Yòrgos Skambardònis – Contes d’hier et d’aujourd’hui

 

Le Maître couteau (Textes puisés dans six recueils)

Textes de Yòrgos Skambardònis

Traduction : Hélène Zervas et Michel Volkovitch

Éditions Le Miel des anges, 2018

 

J’ai refermé ce Maître couteau, épatée ! Alors que les nouvellistes grecs me donnent souvent du fil à retordre pour entrer dans leur univers et me demandent un effort soutenu de concentration, Yòrgos Skambardònis concocte des histoires très accessibles, fluides et passionnantes.

Quel est donc le secret de l’écrivain de Thessalonique pour concilier une évidente qualité littéraire avec des textes étonnamment et immédiatement limpides ? La clef se trouve dans le second paragraphe de la postface ; Yòrgos Skambardònis n’écrit pas seulement des romans et des nouvelles, il est aussi journaliste et scénariste. Or, le champ des possibles n’est plus le même lorsque l’on maîtrise un style «cinématographique » très visuel, qui s’autorise la fiction détachée du  « je » autobiographique ; les souvenirs personnels, les ancrages temporels ou géographiques appuyés font place ici à des petits scénarios très bien ficelés, qui pourraient se passer en Grèce du Nord ou ailleurs.

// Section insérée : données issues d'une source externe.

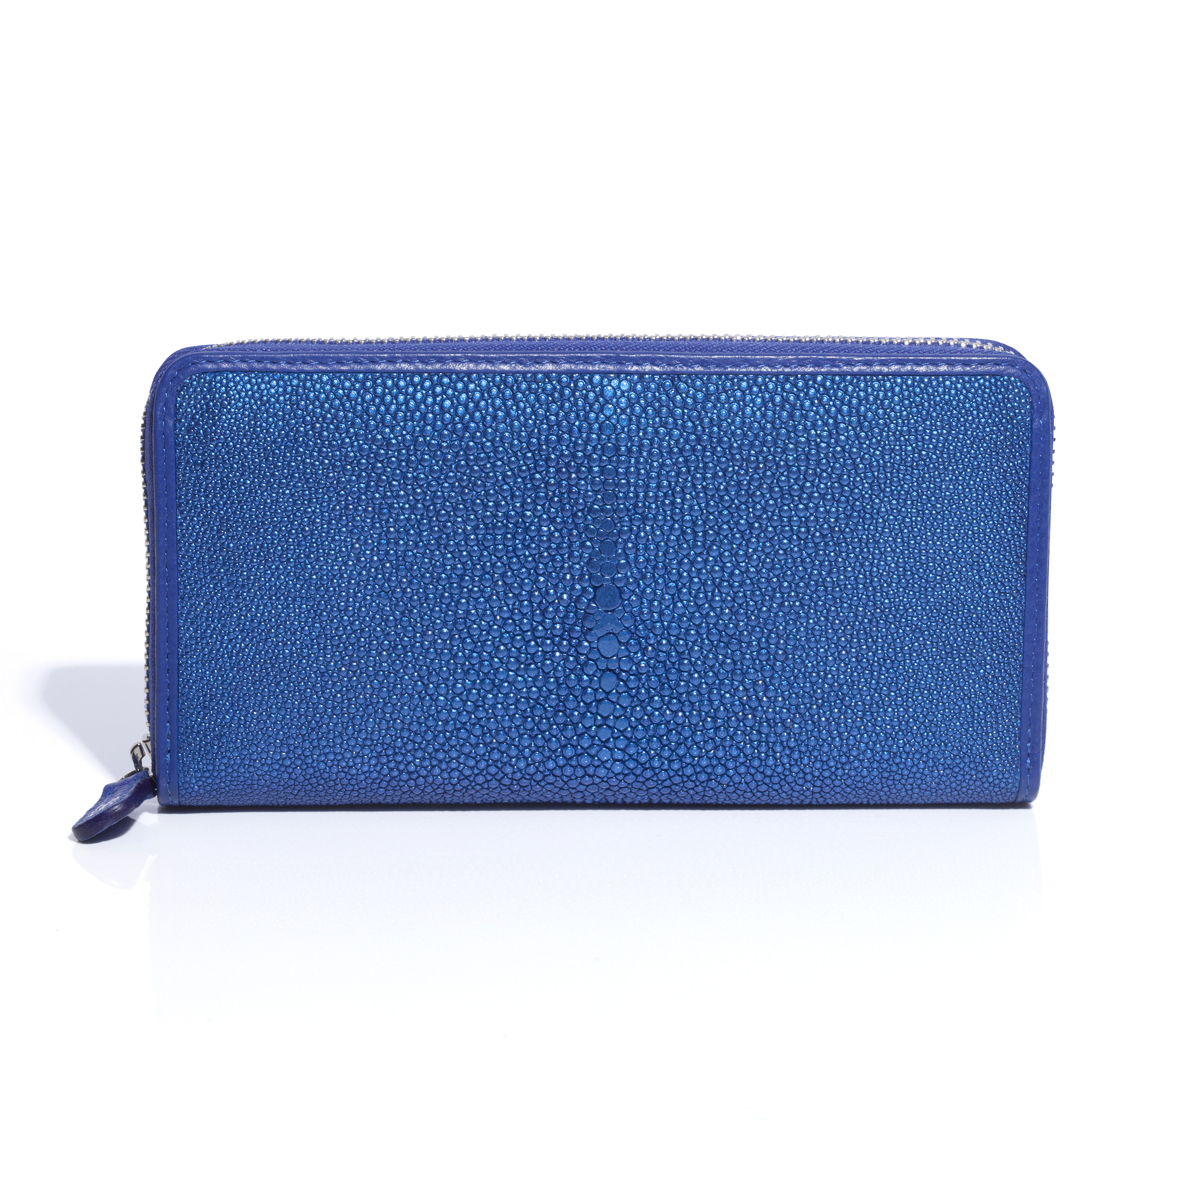 "BAHARI ""海の宝石箱""と呼ばれるほどの耐久性と美しさ   ガルーシャ(エイ革)長財布"

Le réel brut ne semble pas passionner l’auteur, qui préfère déformer, décentrer et recréer un faux réalisme pour faire naître des images poétiques et inattendues. Yòrgos Skambardònis ne souhaite pas raconter le quotidien, il joue sur le décalage et l’artifice pour faire jaillir le bizarre, l’imprévu, le prodigieux. Il peut alors connecter les vivants et les disparus, donner vie aux objets, faire tourner la roue implacable du destin et révéler les aspirations profondes de ses héros. Yòrgos Skambardònis choisit d’éclairer ses personnages de biais, pour révéler, par un ou deux détails signifiants, leurs eaux profondes ; un vieux transistor hors d’âge, un cran d’arrêt, un crayon, un clou doré, une carpe apprivoisée, une barbe à papa, en disent bien davantage sur l’individu qui les possède que de longs paragraphes verbeux. Ces gros plans, presque surréalistes, mettent au jour des secrets, des peurs enfouies, des douleurs bien cachées, et exposent soudain une vérité qui confère de l’épaisseur à ces nouvelles.

L’exercice est périlleux mais Yòrgos Skambardònis se tient en équilibre parfait entre deux genres, le drame vécu par des gens ordinaires (la solitude, la maladie, le temps qui passe, la mort) et une étrangeté poétique, un entre-deux brumeux. D’autant plus que cette Grèce du Nord est noyée de pluie, baignée de brouillard et que ses printemps peuvent être glaçants. On se dit que certains des textes auraient enchanté un Marcel Carné ou un Duvivier…

Puisque Yòrgos Skambardònis semble ne montrer aucun goût pour l’épanchement, les confidences, le réalisme, l’enracinement profond, en quoi est-il pleinement un auteur grec ? La nostalgie qui baigne tout le recueil en filigrane, le passé si présent, le rejet du monde moderne qui a balayé les traditions, sont autant de marqueurs de ce ressouvenir douloureux que l’on retrouve sous la plume de nombreux Grecs ; les villages qui s’éteignent, les églises trop neuves et sans âme, les coutumes oubliées, les magasins de tabac surannés, les vieux joueurs de gàïda qui ne dessoûlent pas, sont autant de plaies qui suintent doucement, au loin, en arrière-plan. Alors certes, Yòrgos Skambardònis tente bien de masquer cette mélancolie foncière sous l’humour, le sarcasme, le grinçant. Mais elle colle aux pages, comme l’empreinte indélébile d’un auteur de Thessalonique, bien plus arrimé à sa terre d’origine qu’il ne veut bien le montrer.